Does cuda cache memory for future usage?

I found some issue in cuda memory allocation when I follow the tutorial official website guideline

device = torch.device("cuda:0")
x = torch.ones(2, 2, requires_grad=True, device =device)

In this situation, the memory in gpu:0 is 863MB only when I create a 2 by 2 tensor array x.

tensor([[1., 1.],
        [1., 1.]], device='cuda:0', requires_grad=True)

so, I tried to add another tensor y to watch the change of memory

y = x + 2

But the memory in gpu:0 is still 863MB. Here you can see it really track the computation history in grad_fn

tensor([[3., 3.],
        [3., 3.]], device='cuda:0', grad_fn=<AddBackward0>)

and I also try to test with torch.no_grad(): mention in because it can prevent tracking history and using memory.

with torch.no_grad():
    z = y * y * 3
    out = z.mean()

here we can see the grad_fn in z disappear, so it would save the memory in gpu:0 theoretically. In this situation, the memory is still 863MB. Therefore, I can’t watch whether it would save memory exactly or not.

tensor([[27., 27.],
        [27., 27.]], device='cuda:0')

In conclusion,

1. What is the cuda memory allocation method in pytorch? Will it cache some memory for future usage? If so, how can I remove this mechanism? I don’t want to build a small model but take a lot of memory in future.

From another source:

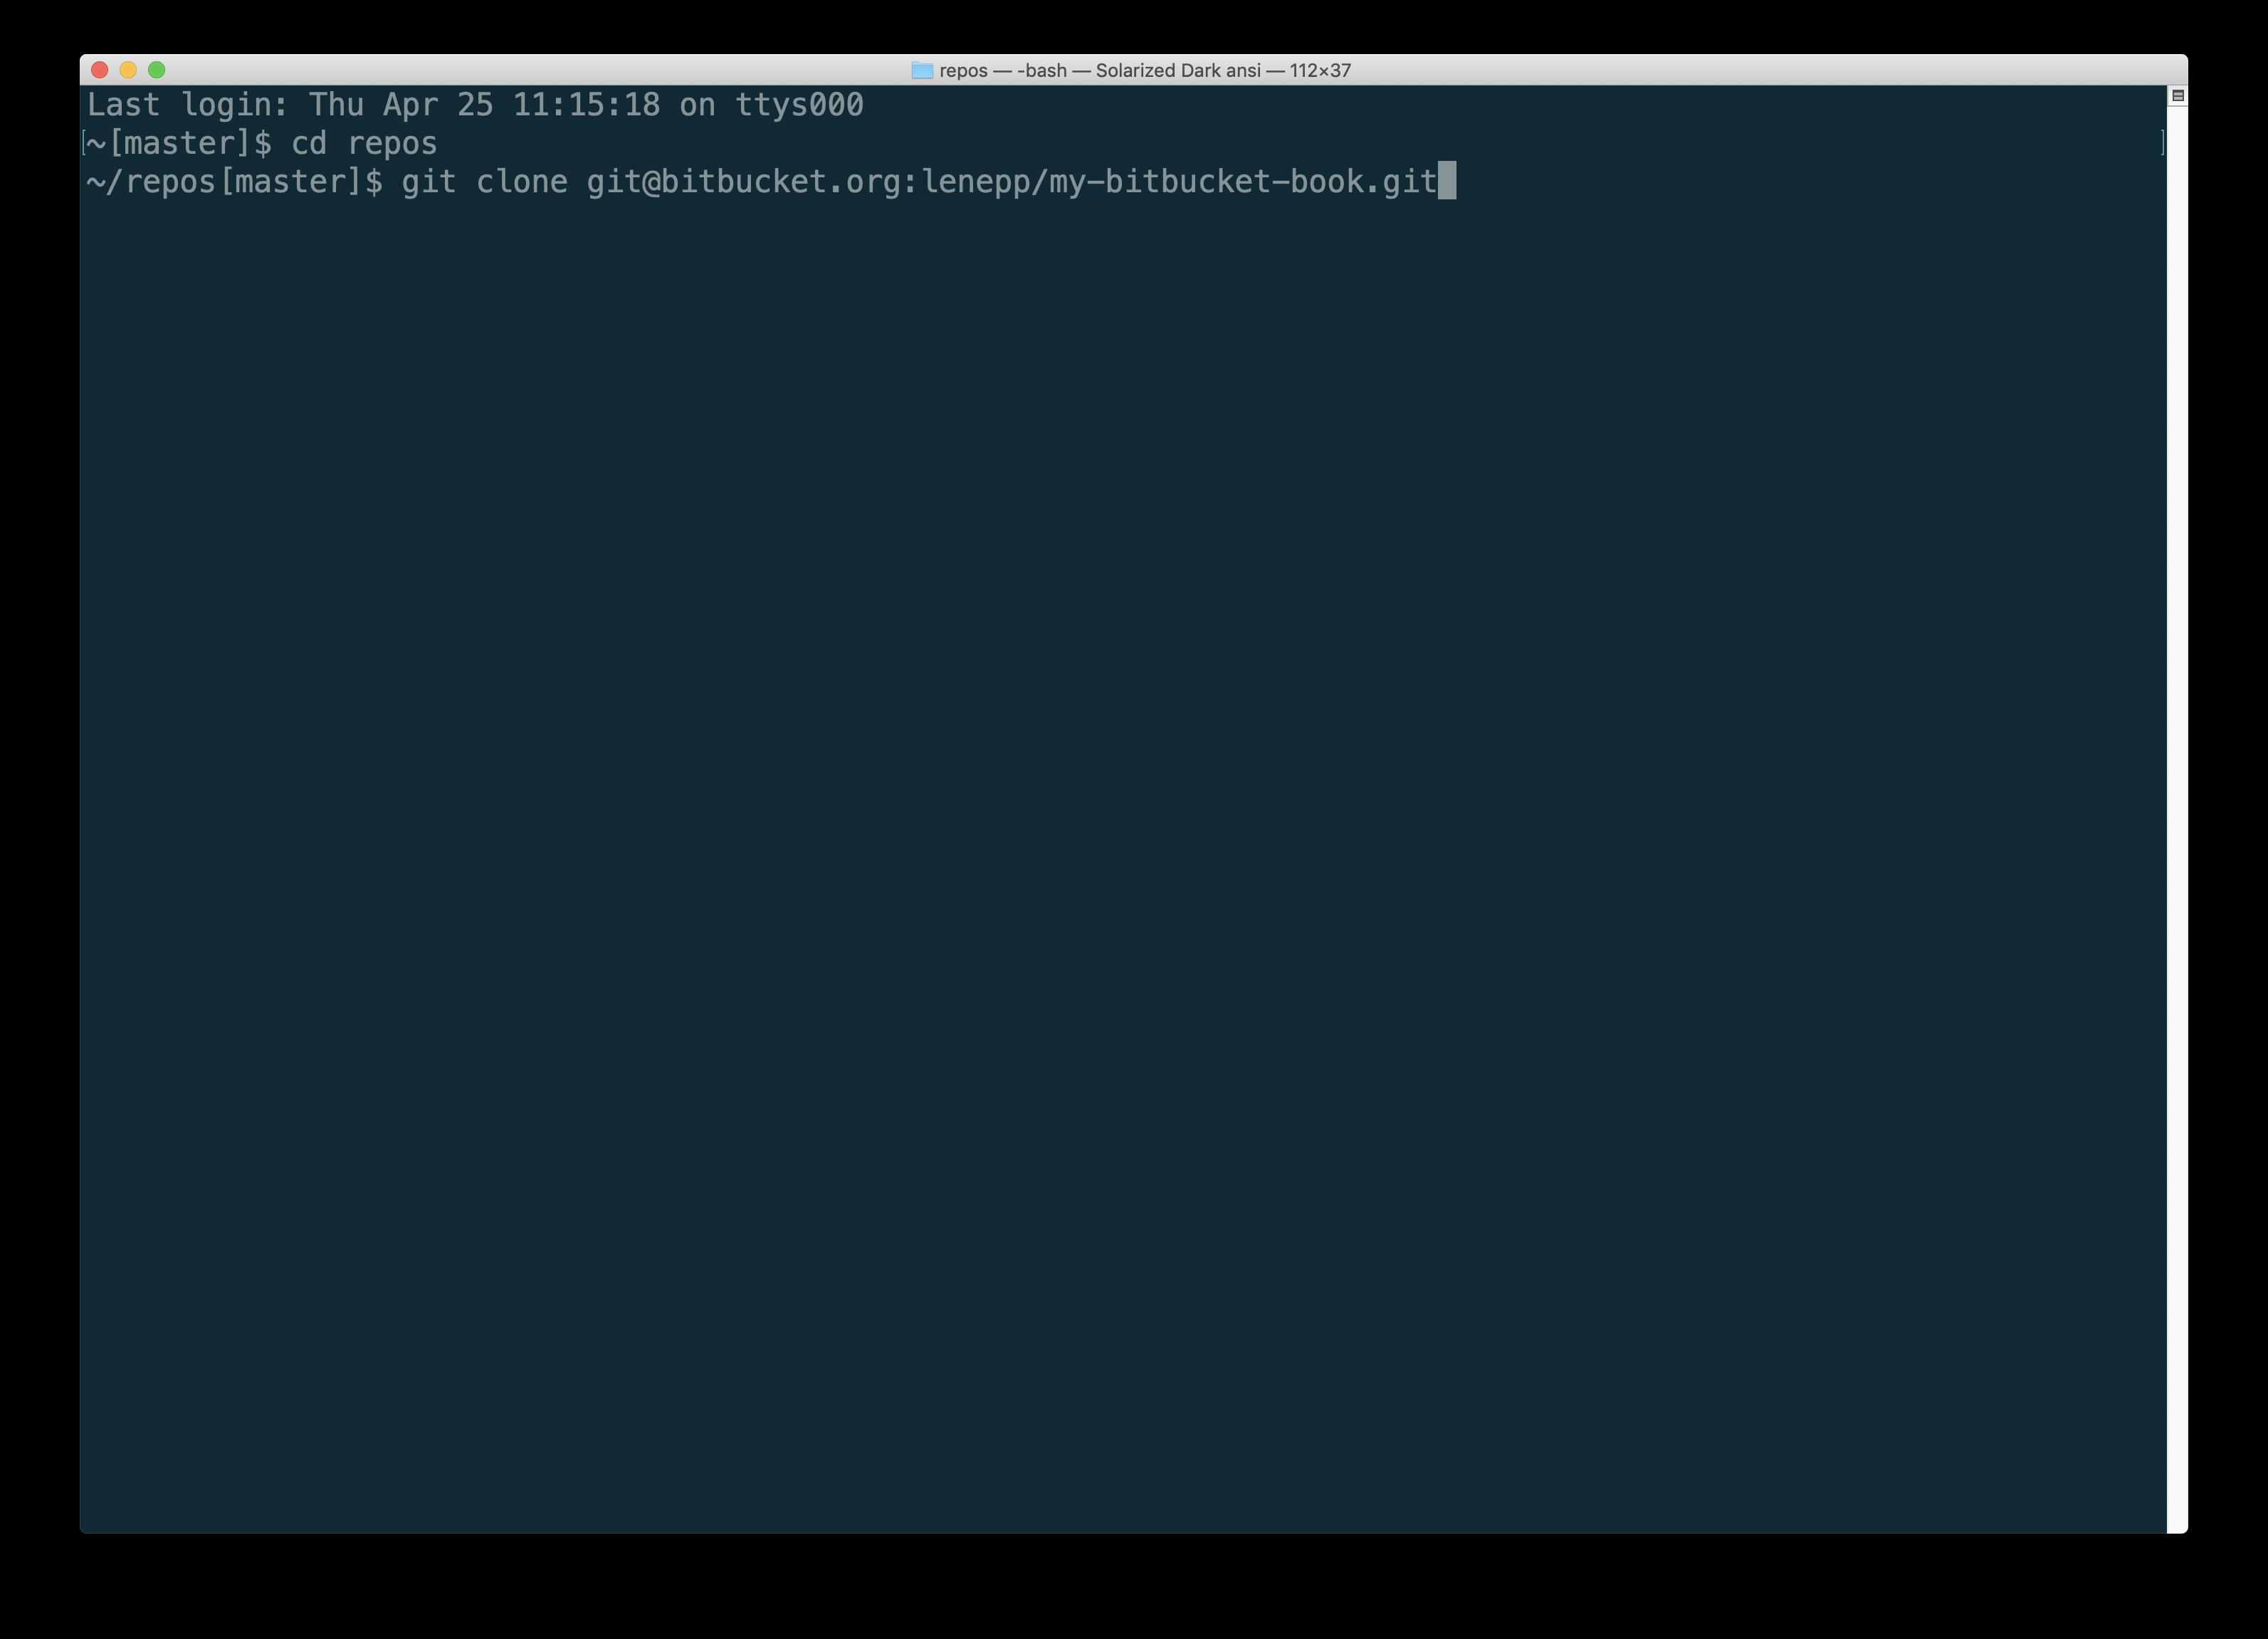 Git Push Hanging Bitbucket
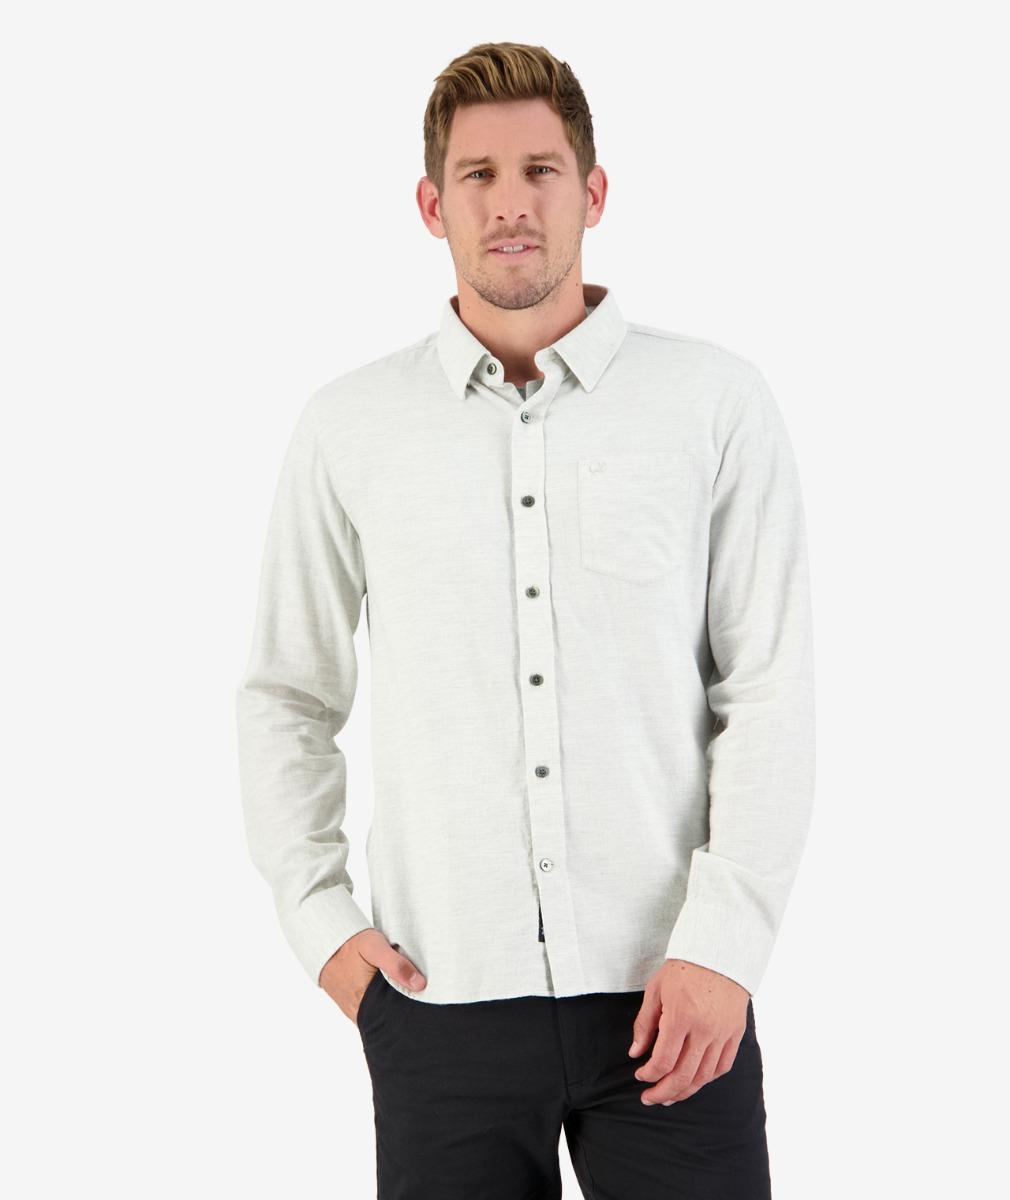 Morrisons L/S Shirt in Grey Melange

2. Do with torch.no_grad(): really prevent using memory? I can’t watch whether it would save memory or not in this situation.

  1. The majority of the mentioned used memory comes from the creation of the CUDA context, which cannot be freed. You should also be able to see this memory usage by creating an empty CUDATensor.
    The caching allocator will reserve some memory which will be used later and you cannot disable it at the moment. Using the caching allocator will avoid synchronizing memory allocations during the model execution and should therefore speedup the execution. To check the cached memory, you could use print(torch.cuda.memory_reserved()). This post has a small example to show the difference between allocated and reserved memory.

  2. Yes, no_grad() will avoid storing intermediate gradients, which would be needed during the backward pass to calculate the gradients. The memory difference of the small tensors in your example might not change the used memory in nvidia-smi, so you could increase the size and use torch.cuda.memory_allocated to check the difference.

Thanks a lot! You explained it very clearly!